The lightening military offensive launched on 27 November 2024 by Syria's main armed opposition group, Hayat Tahrir al-Sham (HTS), and the subsequent ousting of President Bashar al-Asad caught even researchers, experts, and analysts by surprise. How was it possible that, after 13 years of stalemate of the Syrian civil war, the goal of the numerous armed opposition groups and their regional and international sponsors was finally reached in just 11 days?
The answer is that the regime has not really been toppled; rather it collapsed. What has collapsed is the repressive security system that had enabled Bashar al-Asad and his father before him, Hafez, to remain in power for decades, despite multiple episodes of contestation.
The total lack of resistance from the security apparatus, especially from the army, surprised observers, and even more so the HTS fighters, whose only initial military objective had been to seize positions in the north of the country and possibly Aleppo, the country's second largest city. Despite the Syrian regime's reinforcement of its positions in and around Aleppo to resist a possible opposition offensive, HTS secured the city with limited combat losses. The same was then true for Hama, south of Aleppo towards Damascus, but above all for Homs, a city defended by elite Syrian army units. Damascus itself was protected by elite intelligence troops. In fact, the center of the city, home to the ruling power, had never really been under threat since the start of the civil war. However, it took just two days on 7 and 8 December to seize it from the Syrian regime and officially declare its downfall.

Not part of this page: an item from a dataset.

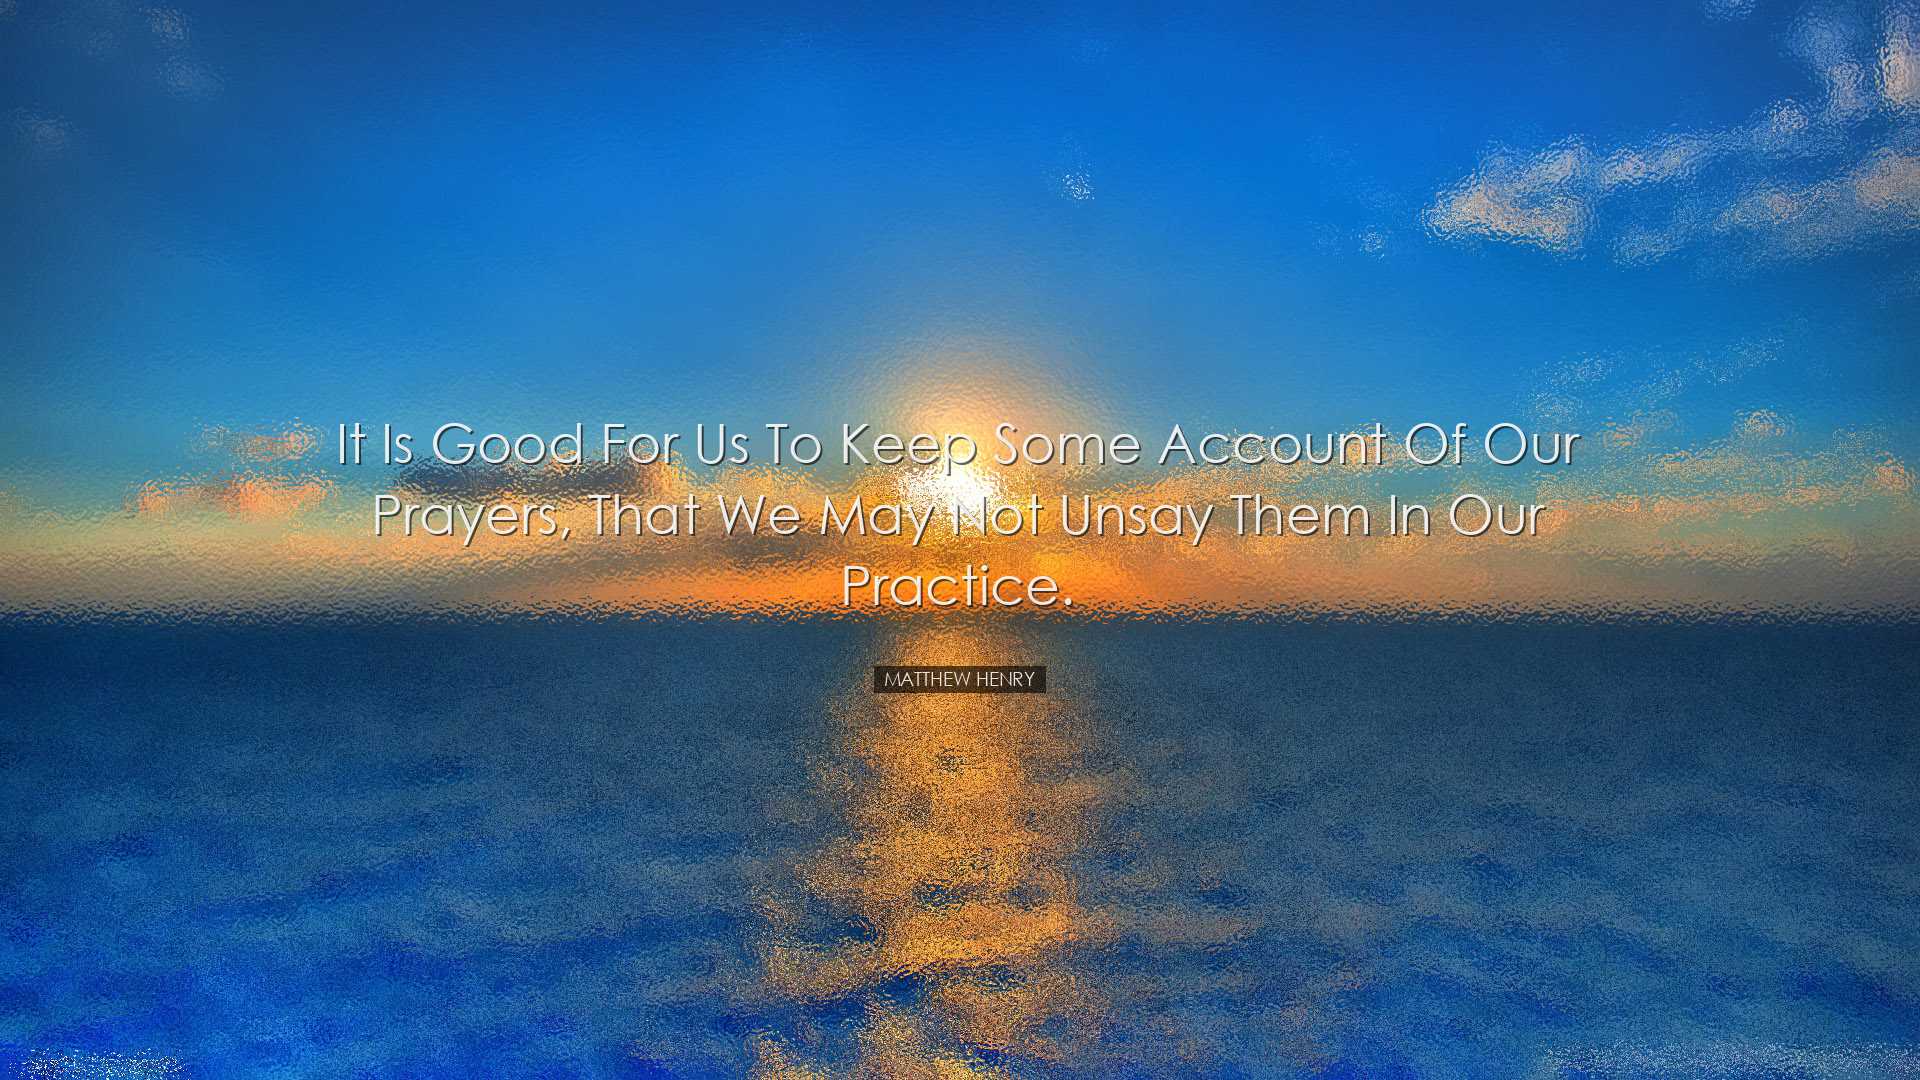 It is good for us to keep some account of our prayers, that we may

Analysts point to corruption, demotivation, and desertions to explain the Syrian army's lack of resistance. While these elements do indeed exist, they are not the cause but rather the mere consequences of the fragmentation and weakening of the military institution, caused by its control by the Syrian intelligence services, which are fragmented themselves and obey neither logic of state-building nor national patriotism. Syrian intelligence was structured more by a logic of predation, gang competition, and impunity. Intelligence services have, in a way, established themselves as the primary power in Syria, dominating and weakening the army for decades. Consequently, the collapse of the Syrian army under the offensives of armed opposition groups is just the latest act in the agony of an institution that was, before Hafez al-Asad came to power, the most stable and robust institution of the Syrian state; the only institution where, despite the purges, the different ethno-religious communities were represented.
Why has this “zombie” army survived the civil war all these years, when its structural weakness was already well known? Quite simply because Syrian intelligence used all its capacity for repression to force soldiers to fight, but also to redistribute some of the economic rents that it extracted from the meagre revenues of a country at war.
Nevertheless, signs of the Syrian army's organisational and operational weakness had already appeared on several occasions. The Lebanese Hezbollah and elite Iranian officers had indeed coordinated the operations of the various Syrian army units against opposition groups, notably between 2014 and 2017. The Syrian army's military successes would never have been achieved without the organisational and operational efficiency of its Lebanese and Iranian allies, or without the air support of Russian forces.
Far from being insignificant, the collapse of the Syrian army constitutes perhaps the greatest challenge for the new era that is beginning in Syria: how to reconstitute a national army, after 54 powerless years of dictatorial rule, to serve as the foundation for the independence of a Syrian state?